Nella fattispecie, considerata anche la data nella quale è stato stipulato il contratto (30 novembre 2018), sembra non potersi dubitare del fatto che l’attuale emergenza sanitaria e la necessità di adeguare lo svolgimento delle prestazioni oggetto dell’appalto fossero circostanze del tutto imprevedibili all’appaltatore in sede di formulazione dell’offerta, anche con l’impiego della massima prudenza e diligenza professionale.
Tuttavia, va ricordato che la revisione dei prezzi è soggetta ai limiti quantitativi previsti dall’art. 106, D. Lgs. n. 50/2016 e può essere riconosciuta da parte della stazione appaltante soltanto qualora sia stata prevista nei documenti di gara iniziali in clausole chiare, precise e inequivocabili.
Pertanto, per poter invocare utilmente tale istituto è necessario che esso sia previsto in modo puntuale nelle clausole contrattuali relative all’appalto de quo.

È chiaro, comunque, che - anche ove essa venga concessa dalla stazione appaltante - la revisione non costituirebbe un rimedio completamente soddisfacente delle pretese dell'appaltatore, posto che si tratta di un istituto ordinario che verrebbe “adattato” alla eccezionale situazione verificatasi a seguito dell’emergenza COVD19.
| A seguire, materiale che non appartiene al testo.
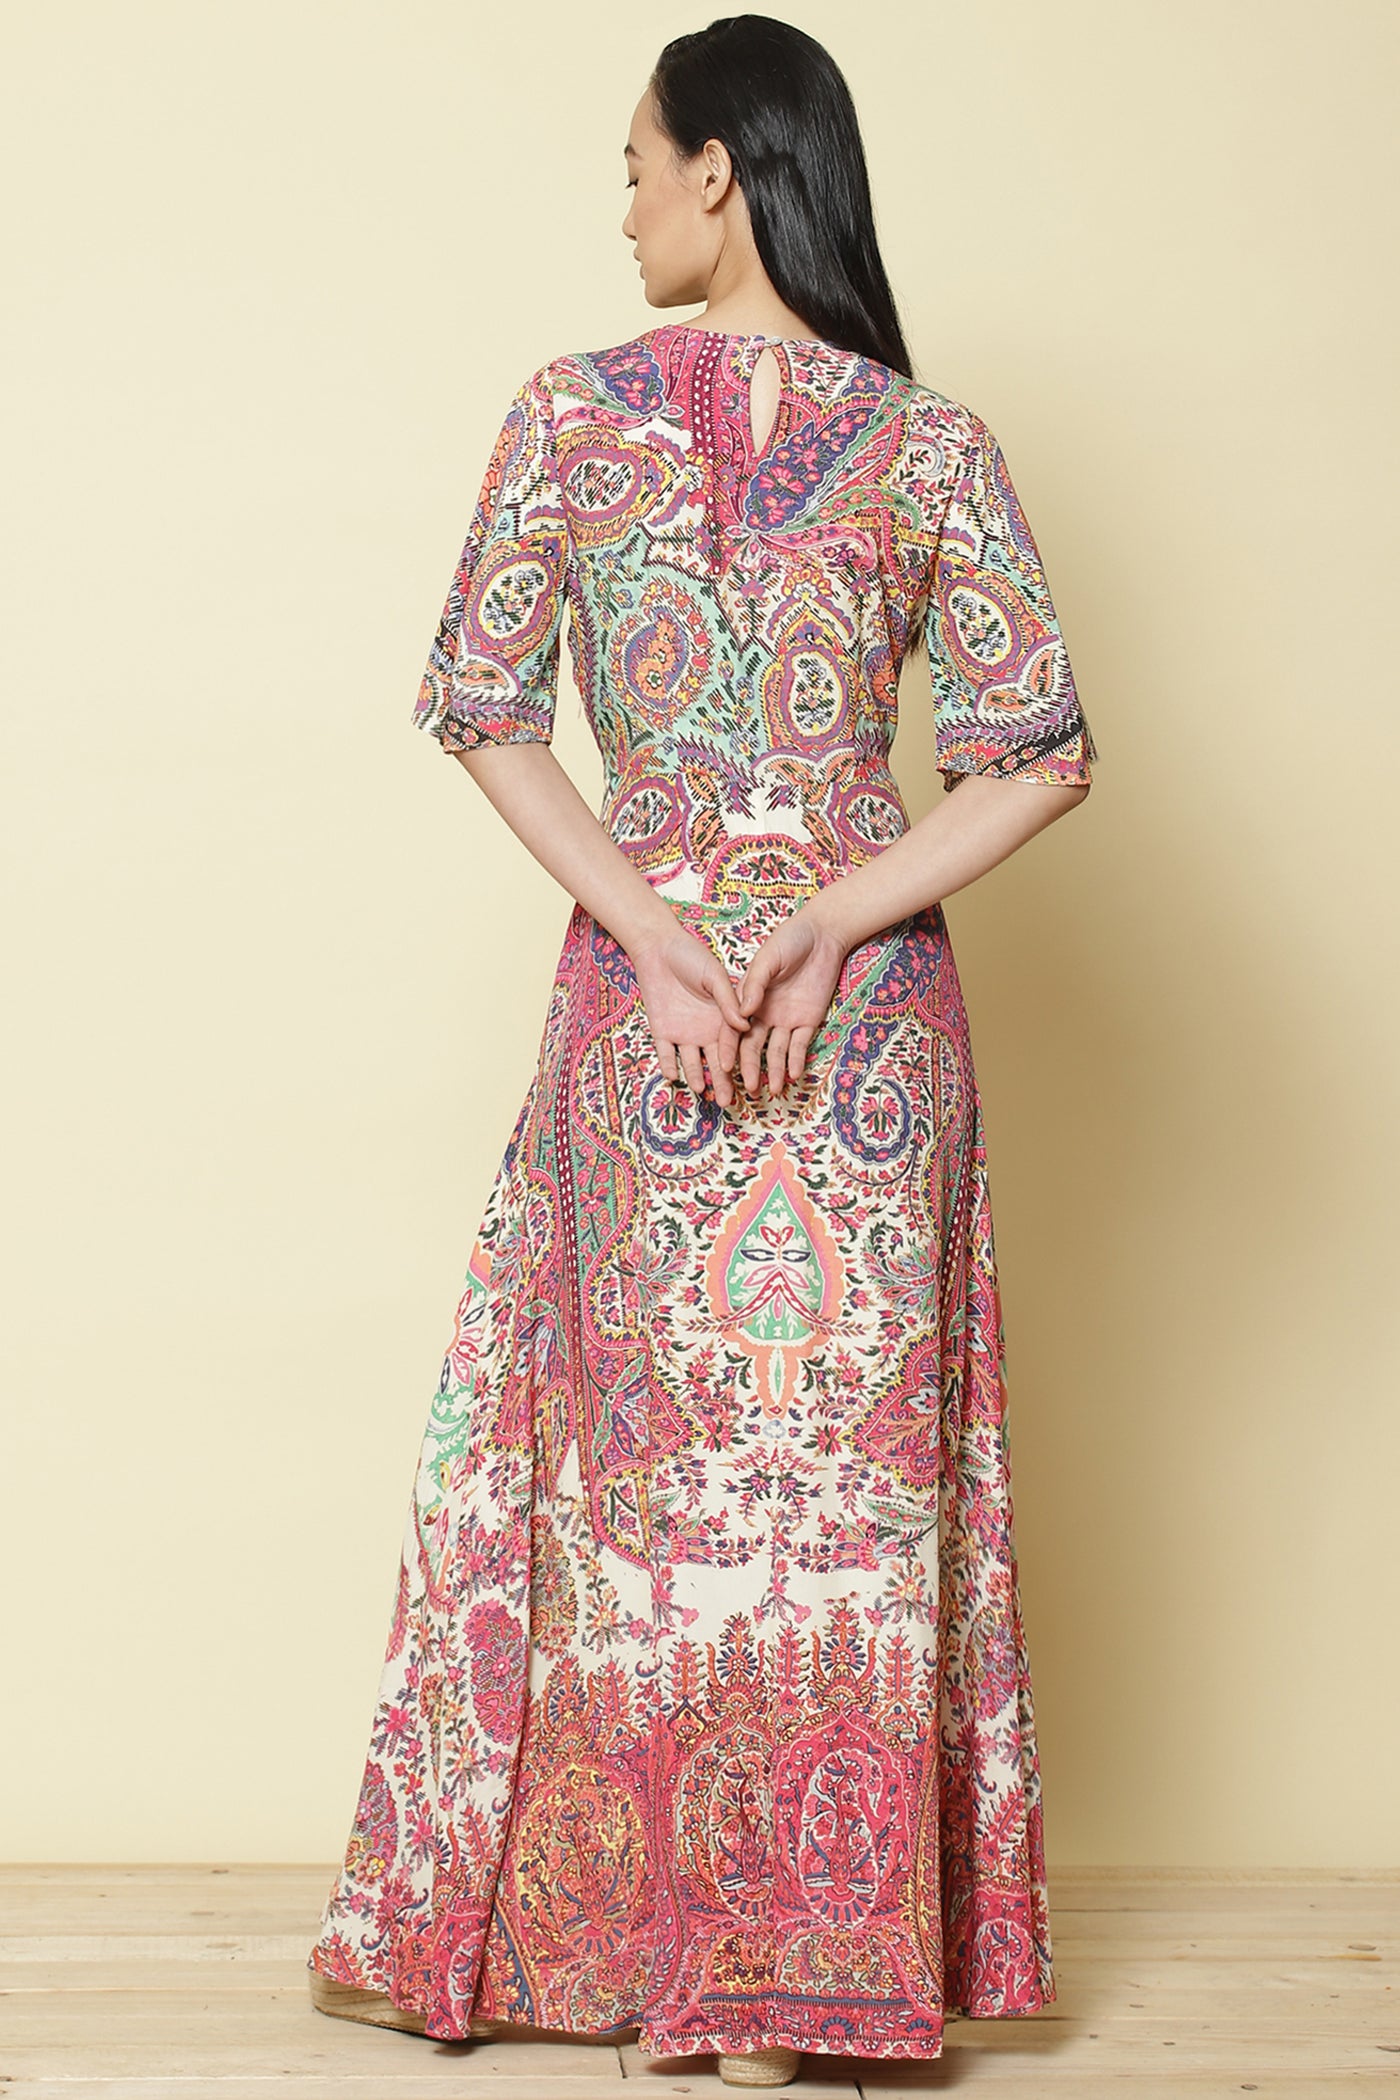 label ritu kumar Half Sleeves Printed Long Dress pink online shopping melange singapore indian designer wear
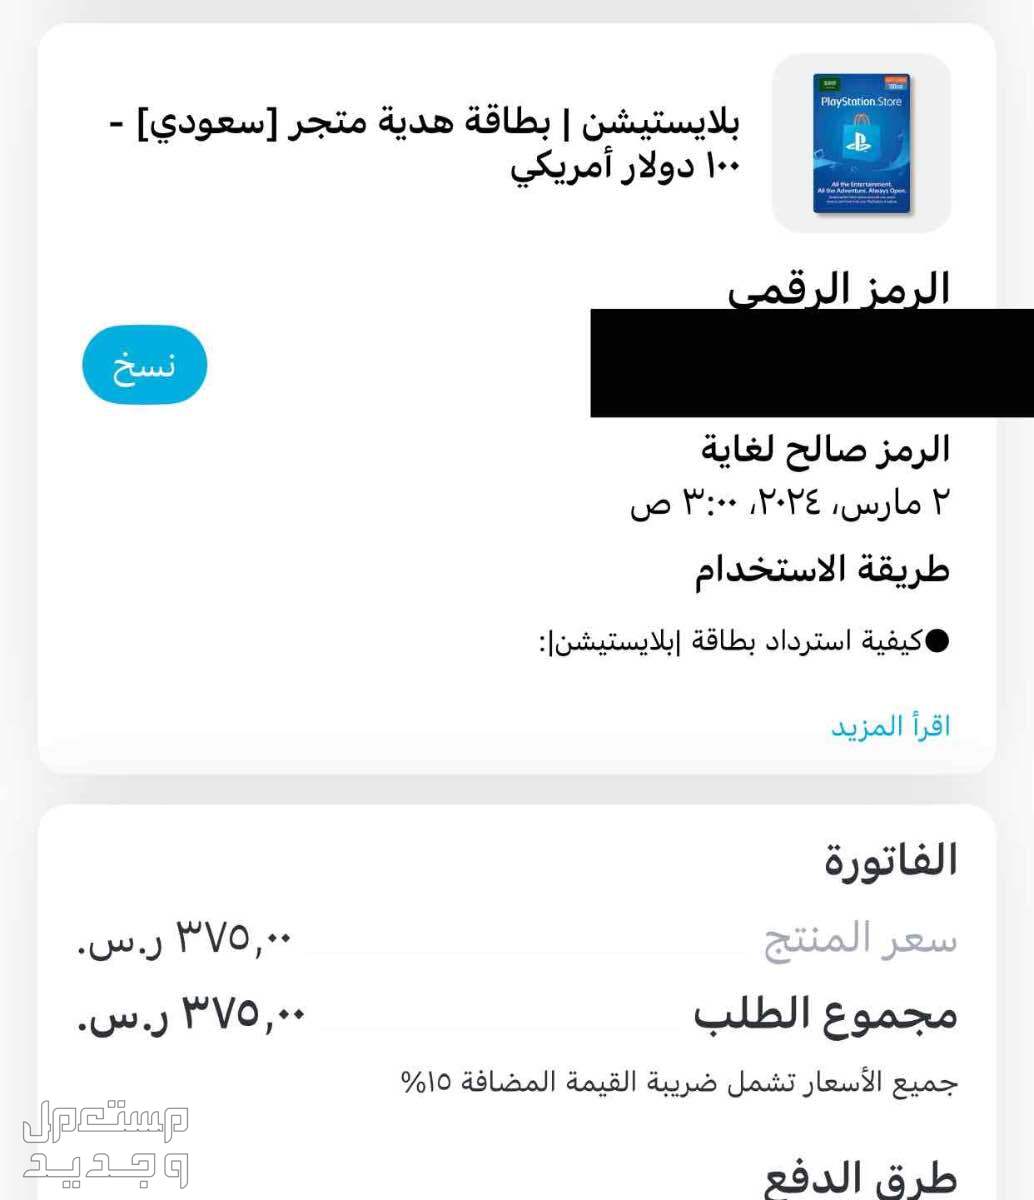 ستور سعودي 100 دولار المبلغ الاساسي للبطاقة الرقمية

In particolare, non sembra che mediante tale meccanismo sia possibile recuperare le perdite specificamente concernenti l'utile di impresa, che costituiscono una voce di natura diversa dal mero aumento dei costi che viene compensato grazie alla revisione dei prezzi.
Alla luce dei principi codicistici, inoltre, pare escluso il diritto dell’appaltatore ad ottenere un un vero e proprio risarcimento del danno comprensivo delle voci di danno emergente e lucro cessante, posto che il riconoscimento di tale diritto presuppone un inadempimento imputabile alla stazione appaltante, che nel caso di specie è molto difficile ravvisare.

L’unica ulteriore possibilità nel caso le perdite diventassero insostenibili sarebbe quella di invocare la risoluzione del contratto per eccessiva onerosità sopravvenuta, ai sensi dell’art. 1467 c.c., che può essere chiesta in tutti i casi in cui la prestazione di una delle parti sia divenuta eccessivamente onerosa per il verificarsi di avvenimenti straordinari e imprevedibili.
È opportuno sottolineare, però, che il suesteso parere è stato redatto sulla base della normativa vigente al 30 marzo 2020 e che non è da escludere l’adozione di futuri interventi legislativi destinati a prevedere speciali meccanismi di compensazione delle perdite subite dagli imprenditori – anche nel corso dell’esecuzione degli appalti pubblici - a causa dell’attuale situazione di emergenza.